Many of the more active Wikipedia contributors are multilingual. In the April 2011 Wikipedia Editors Survey,[supp 1] 72% of respondents said they read Wikipedia content in more than one language, and 51% said they contributed to multiple Wikipedias. Research has estimated that approximately 15% of active Wikipedians are multilingual.[supp 2] These contributors are important as they can enable knowledge transfer between different language editions of Wikipedia, yet little is known about who they are and what they do.
A recent paper published in PLOS ONE by researchers at KAIST and OII, titled "Understanding Editing Behaviors in Multilingual Wikipedia"[1], adds to our knowledge of multilingual contributors by investigating their engagement level, topic interests, and language proficiency. The paper uses a dataset spanning a month of Wikipedia contributions in July–August 2013 and defines a multilingual editor as one who make contributions to multiple languages. Overall the dataset contains 12,577 multilingual editors, of which 77.3% are bilingual, 11.4% trilingual, and 4.1% quadrilingual.
Out of Wikipedia's (now) 288 language editions, the paper focuses on three: English, German, and Spanish. These three languages were chosen because the paper utilizes natural language processing to estimate language proficiency, and the tools available in those languages are sufficiently developed. The multilingual editors are divided into two groups: primary editors, consisting of the contributors who make most of their edits to a certain language edition, and non-primary editors. These two groups are then compared in terms of their engagement, topic interests, and language proficiency.

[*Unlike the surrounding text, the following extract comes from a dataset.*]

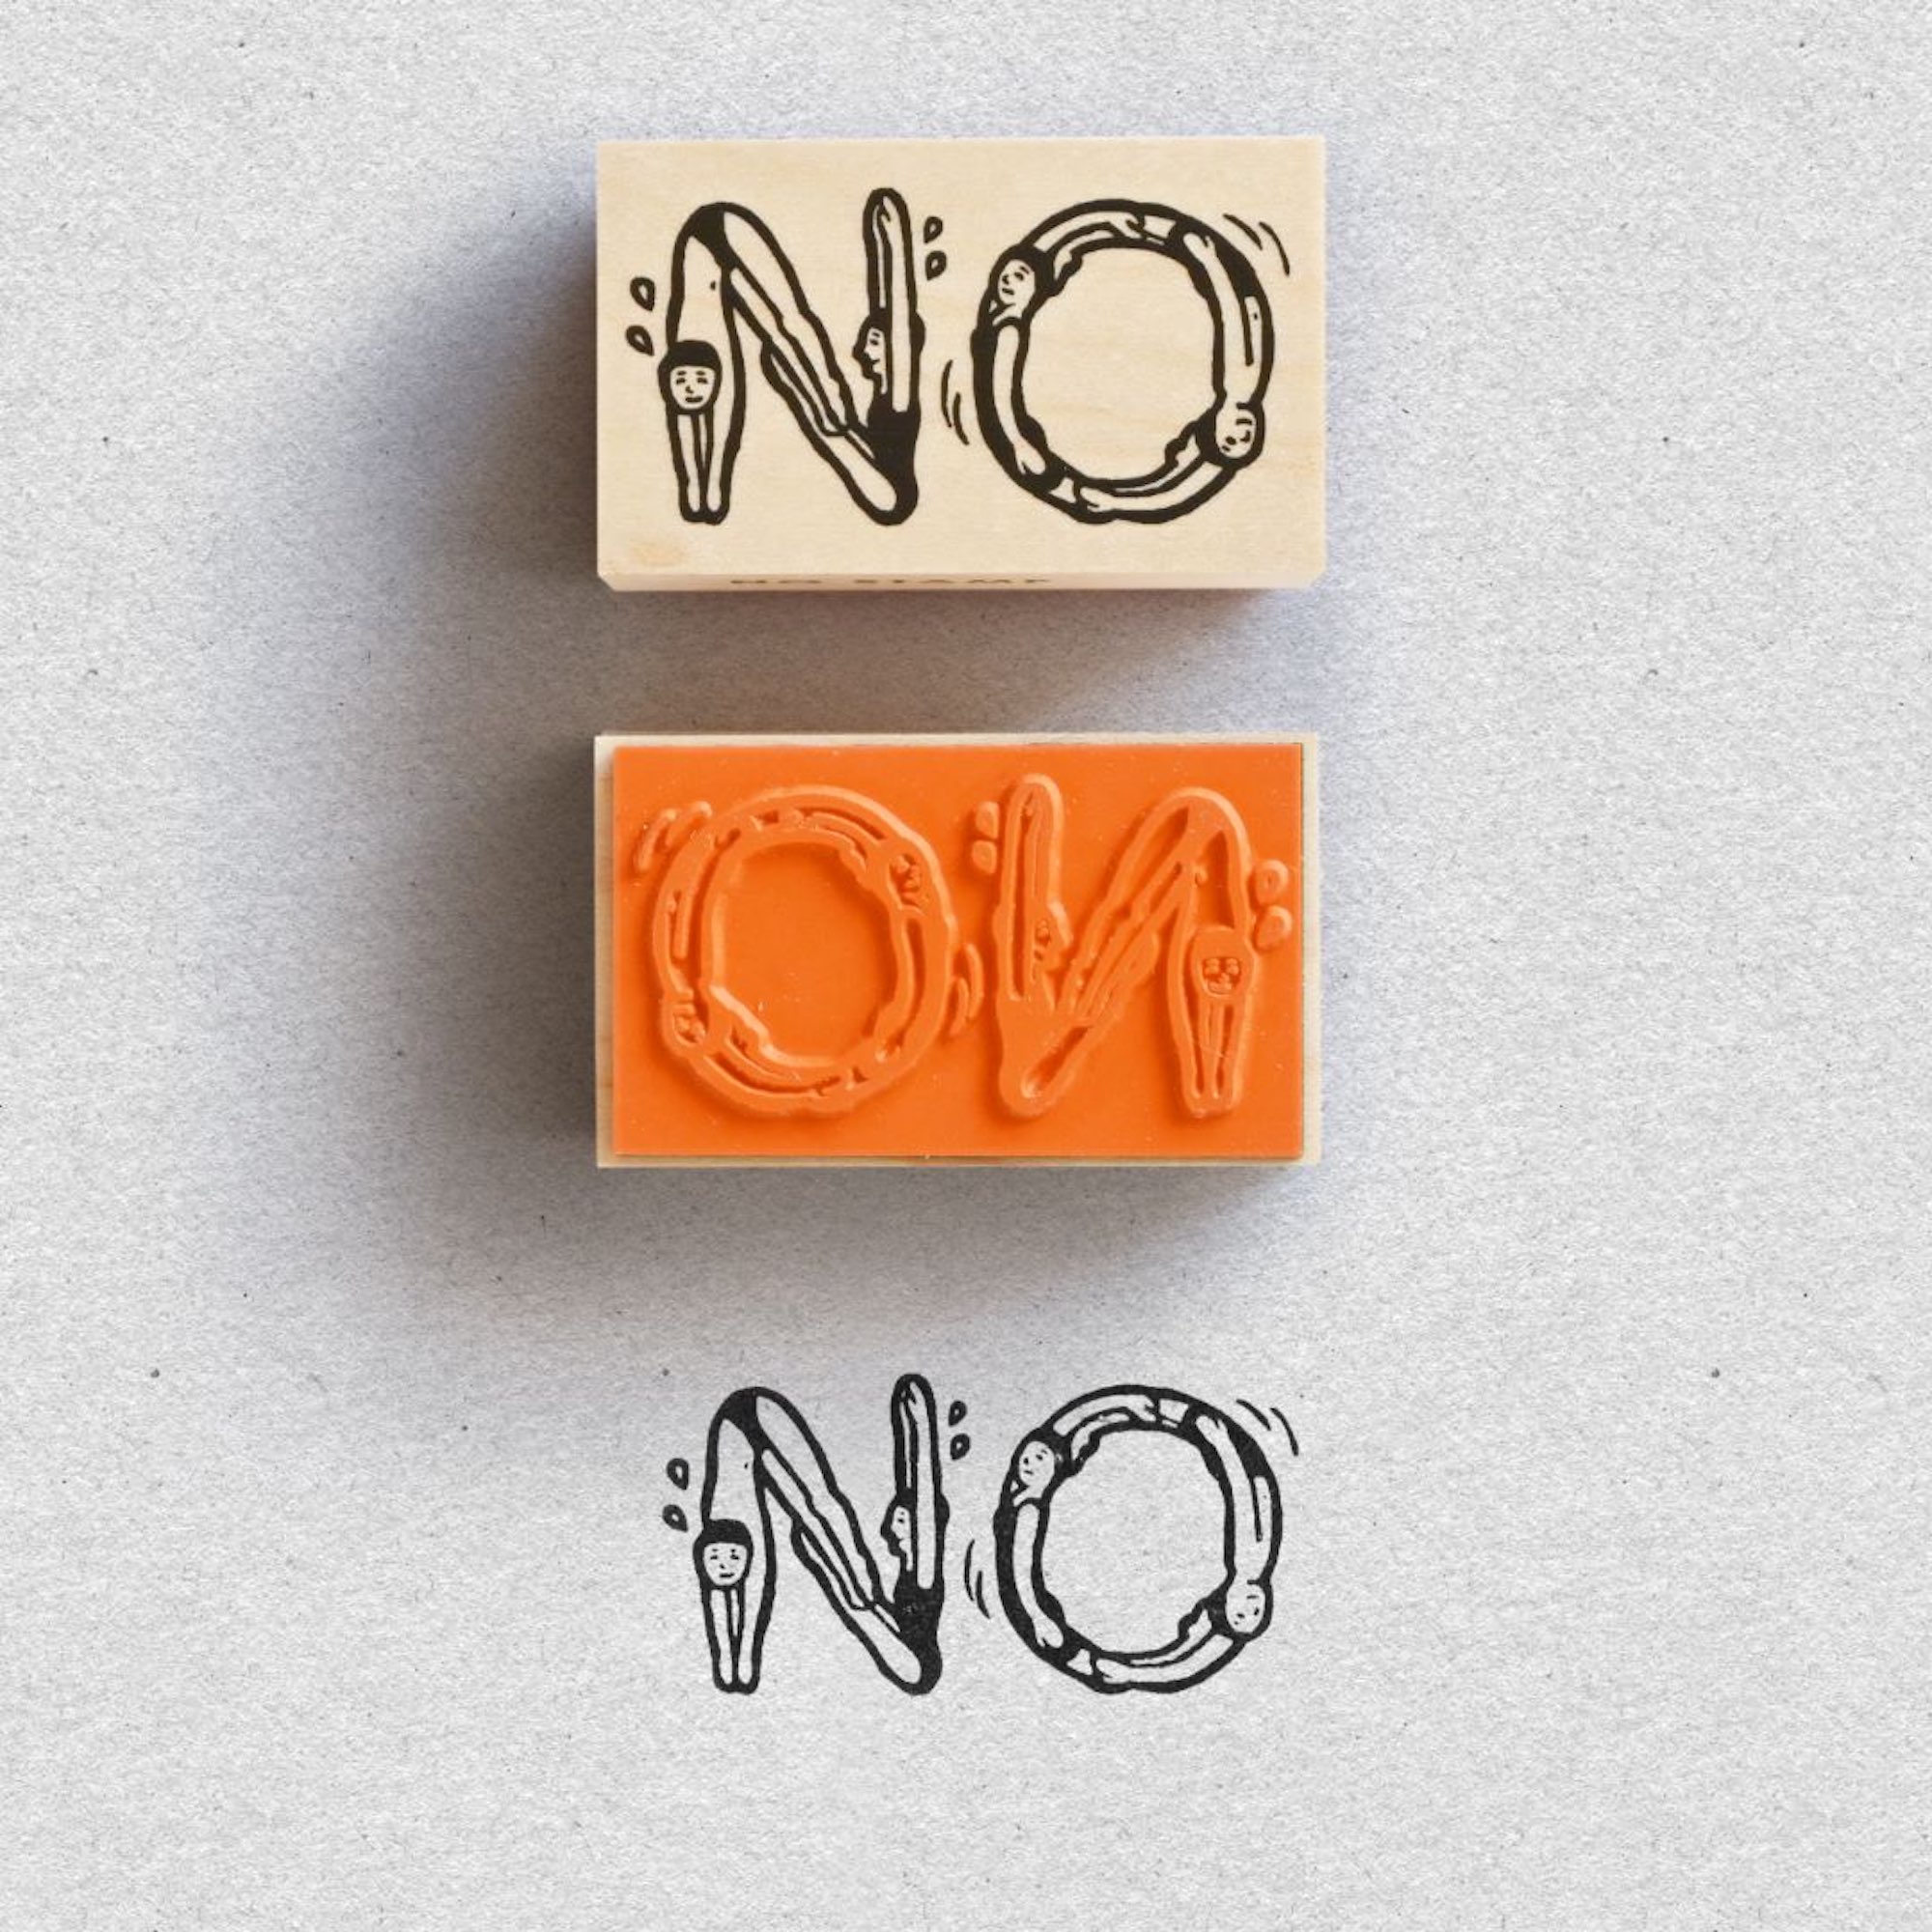 "NO" - Alphabet - Japanischer Stempel

To measure editor engagement, consecutive edits by the same editor to the same article are collapsed into edit sessions.[supp 3] T-tests are used to compare primary and non-primary editors on several measures: number of edits per session, session length, amount of content added (number of characters or tokens such as words), and whether non-visible changes are made. The results show that primary editors are more engaged as they commit more edits, have longer sessions, add more content, and are more likely to make visible edits compared to non-primary editors.
Editor interests are identified using a combination of LDA and DBSCAN to create a set of 20 topic clusters for each language. These topic clusters are then labelled by humans, resulting in cluster labels such as “Science” and “Global Sports”. Primary and non-primary editors are found to be generally interested in the same topics, but some significant differences show up. For instance, non-primary editors are contributing more to articles about cities in English, soccer in German, and plants in Spanish. Primary editors are, on the other hand, more interested in, for example, computers in English and German, and politicians and entertainment in Spanish.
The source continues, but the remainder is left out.